Он пугался и послушно спрашивал. Марианна начинала объяснять, увлекалась. Черты строгого лица оживали, делая его непостижимо прекрасным.
Танюшкин смотрел на нее и ничего не слышал. Время замедлялось. Он с восторгом наблюдал, как шевелятся влажные, припухшие от поцелуев губы и между ними сверкает ослепительная полоска ровных зубов. Победно выгибаются темные брови, и крыльями тропической бабочки взлетают ресницы, такие длинные и пушистые, что пальцы невольно тянулись потрогать…
Ей шла любая одежда. Славе казалось, простая майка со слоном придавала ее фигуре больше изящества, чем коктейльное платье большинству других женщин. И главное, в простой одежде она была настоящей, той, кого он нес на руках, удивляясь легкости хрупкого тела.
Но стоило Танюшкину представить Марианну выходящей из офисного здания в строгом темном костюме, с тем самым каменным выражением на лице, которого он так боялся, как внутри у него все сжималось и на душе становилось невыразимо тоскливо…
– Ты меня совсем не слушаешь! – с досадой обрывала она рассказ, заметив, что он снова завис и выпал из реальности.
О себе Слава вообще не знал, что сказать. Марианна пару раз вскользь спросила его о работе пожарного, но он не сумел вспомнить ничего достойного ее внимания. О том, как тащил Рожнова и угодил в больницу, рассказывать постеснялся. Подумал, что будет выглядеть глупо, и она, чего доброго, решит, что он хочет похвастаться.

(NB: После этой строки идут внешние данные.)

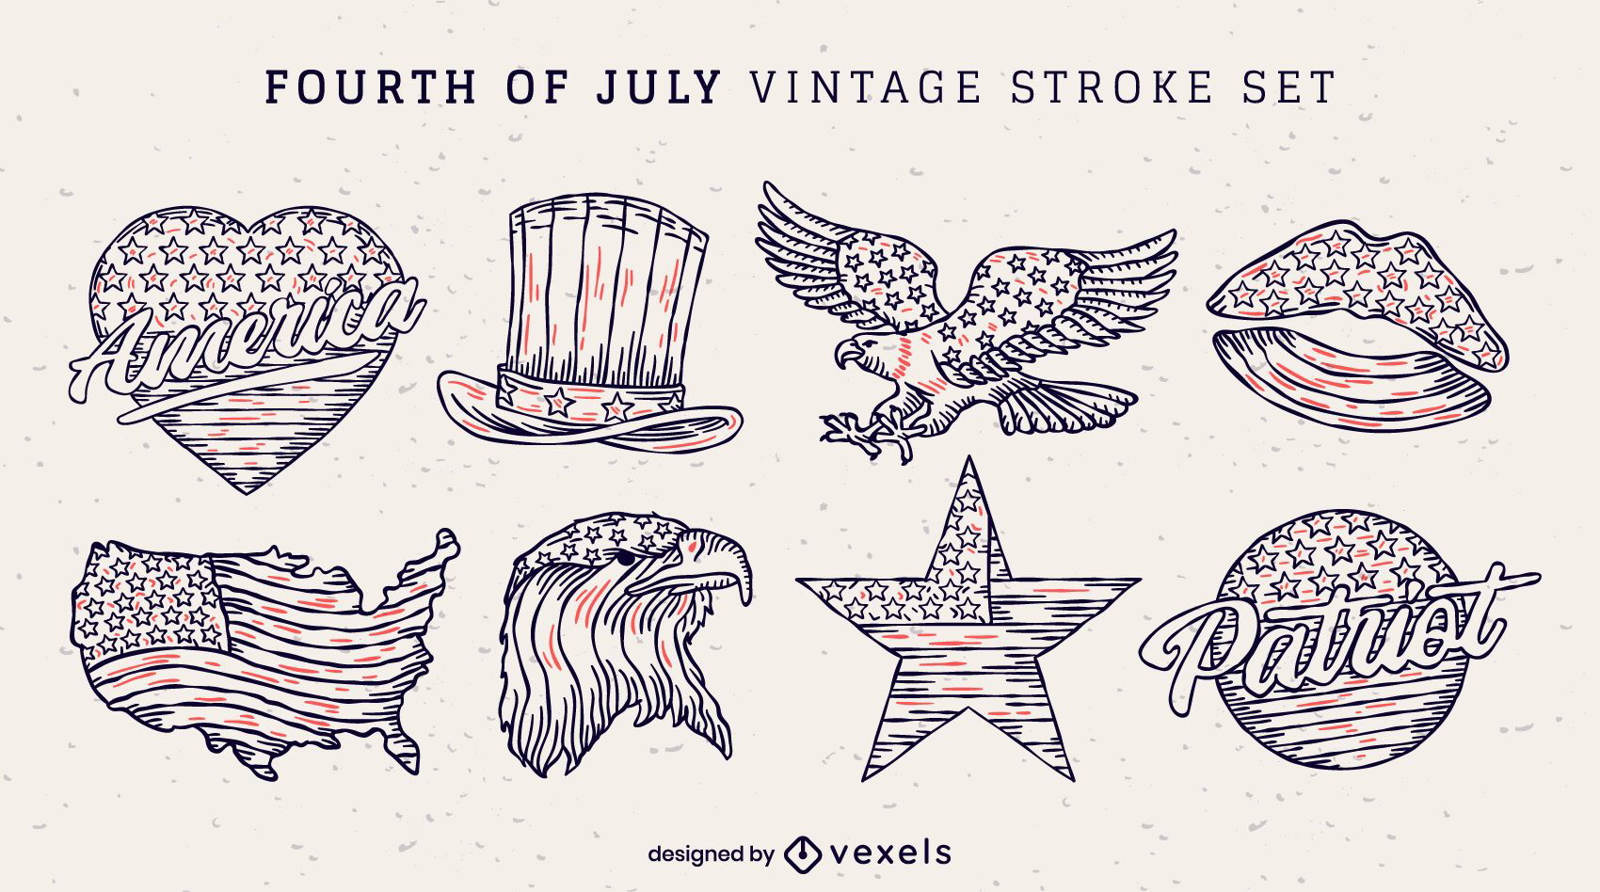 July 4th vintage stroke set of stickers

Долго перебирал в голове все мало-мальски примечательные случаи на пожарах, пока наконец не придумал, о чем можно рассказывать, не рискуя показаться смешным. Но, к сожалению, о работе она больше не спрашивала.
Обычная же его жизнь по сравнению с ее бешеным московским ритмом выглядела настолько пресной, что не могла представлять для Марианны ни малейшего интереса. Робкие попытки вспомнить стихи из школьной программы успеха не возымели. Армейские байки провалились с еще большим треском.

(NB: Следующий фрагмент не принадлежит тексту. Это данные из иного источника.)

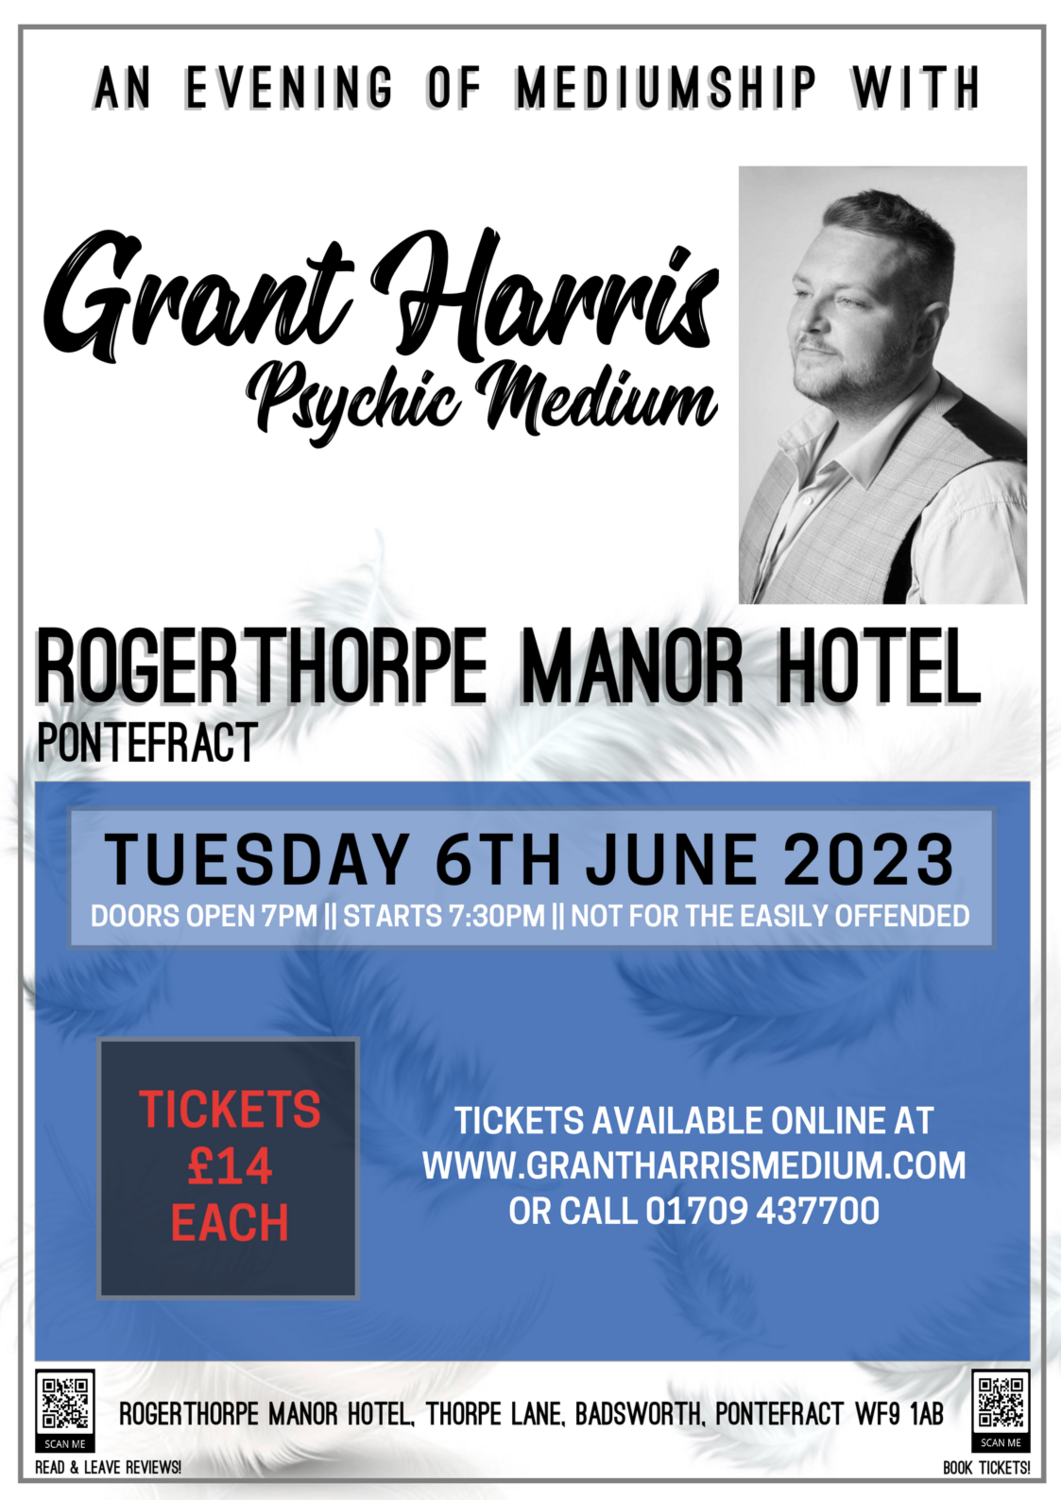 Rogerthorpe Manor Hotel, Pontefract, Tuesday 6th June 2023

В комнате надолго воцарялась тишина. Он и раньше не отличался разговорчивостью. Марианна тоже все чаще умолкала, погружалась в себя, а потом ходила растерянная, непривычно тихая. Иногда он ловил на себе ее взгляд, брошенный украдкой, или замечал, как она, задумавшись, нахмурится, прикусив нижнюю губу, а потом тряхнет светлой челкой, точно отгоняя наваждение.
Возникали и странные, полные недомолвок разговоры. – Не пойму я тебя, Слава, – роняла после очередного танюшкинского фиаско Марианна, пристально разглядывая его большими серыми глазами, в которых поблескивали искорки кварца и слюды. – Извини, конечно, но иногда ты такое недоразумение, аж зло берет!

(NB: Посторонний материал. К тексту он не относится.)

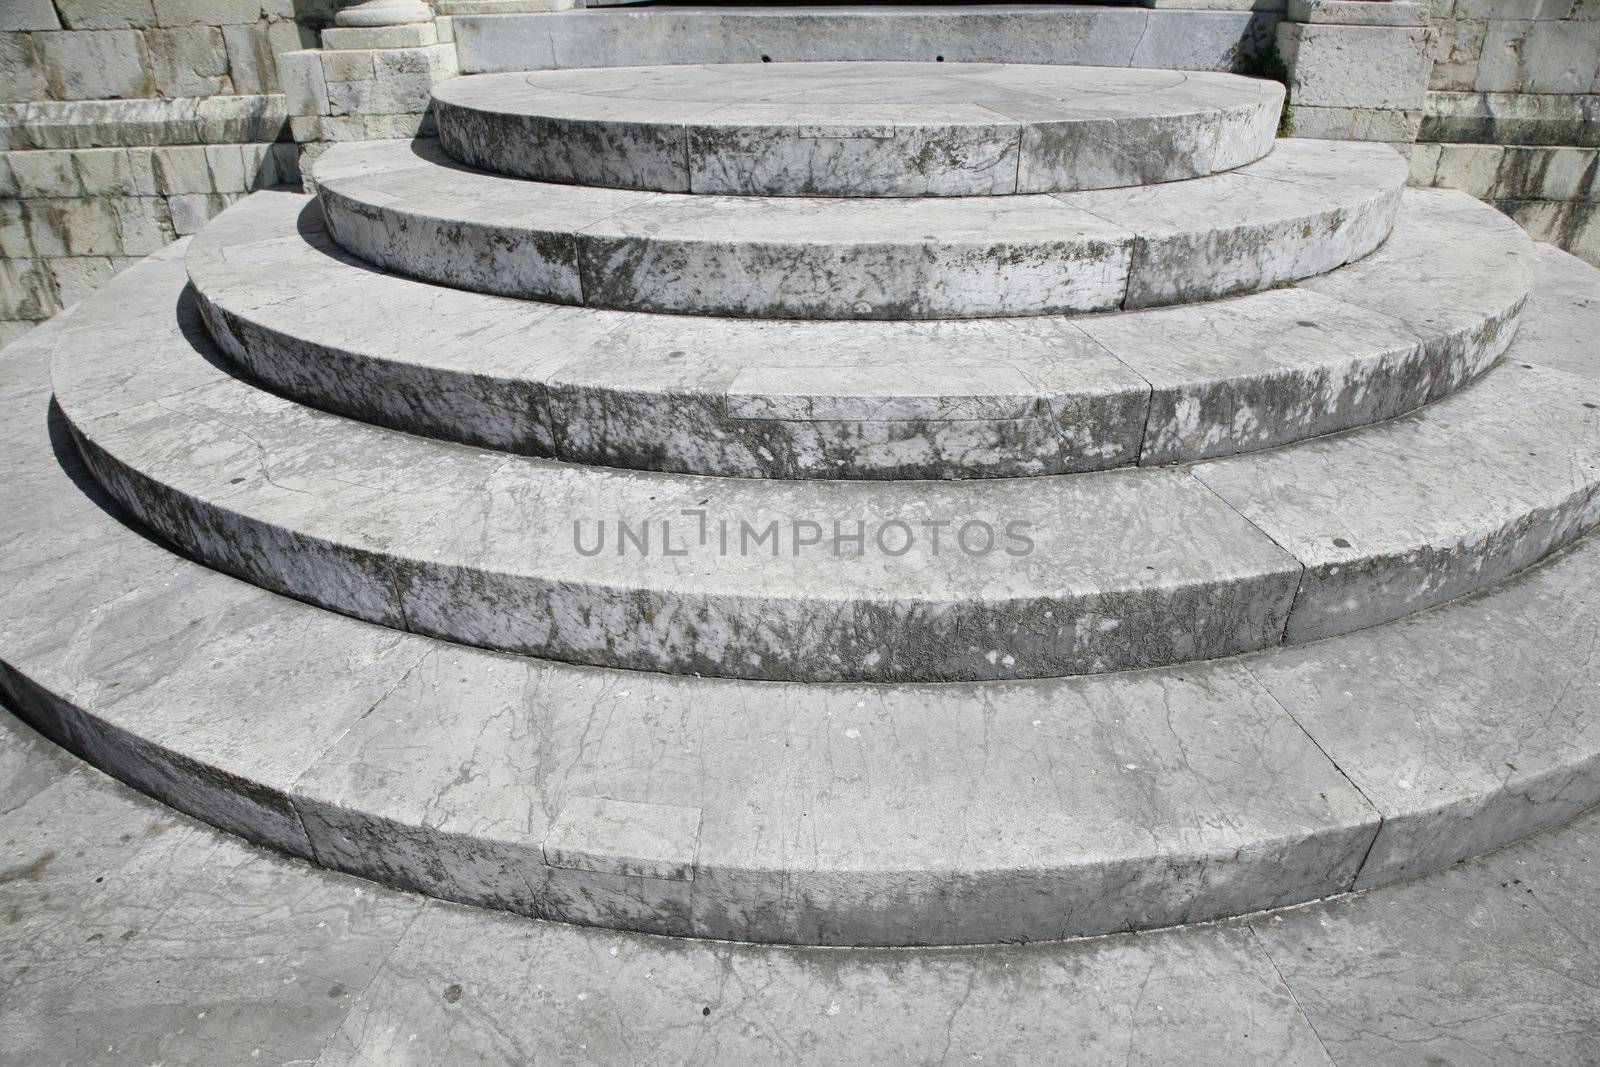 Cirkular white Carrara marble steps - entrance to Italian church.

– Через три дня бы уволила… – заученно подсказывал Танюшкин.
– Ну да, ну да… А иногда, как в поезде или на празднике, смотрю и не узнаю… – она, видимо, что-то вспомнив, умолкала и начинала рассеянно похлопывать себя по коленке.
– И что? – делал он безуспешную попытку понять ее настроение.
– Ничего! Совсем другой человек! Как подменили! – отрезала Марианна.
– Так это хорошо? – в нем вспыхивала робкая надежда.
– Спроси чего-нибудь полегче! Но что-то в тебе такое есть, чего нет в других, – непонятно отвечала Марианна и резко обрывала разговор. – Вот только не пойму, хорошо это или плохо.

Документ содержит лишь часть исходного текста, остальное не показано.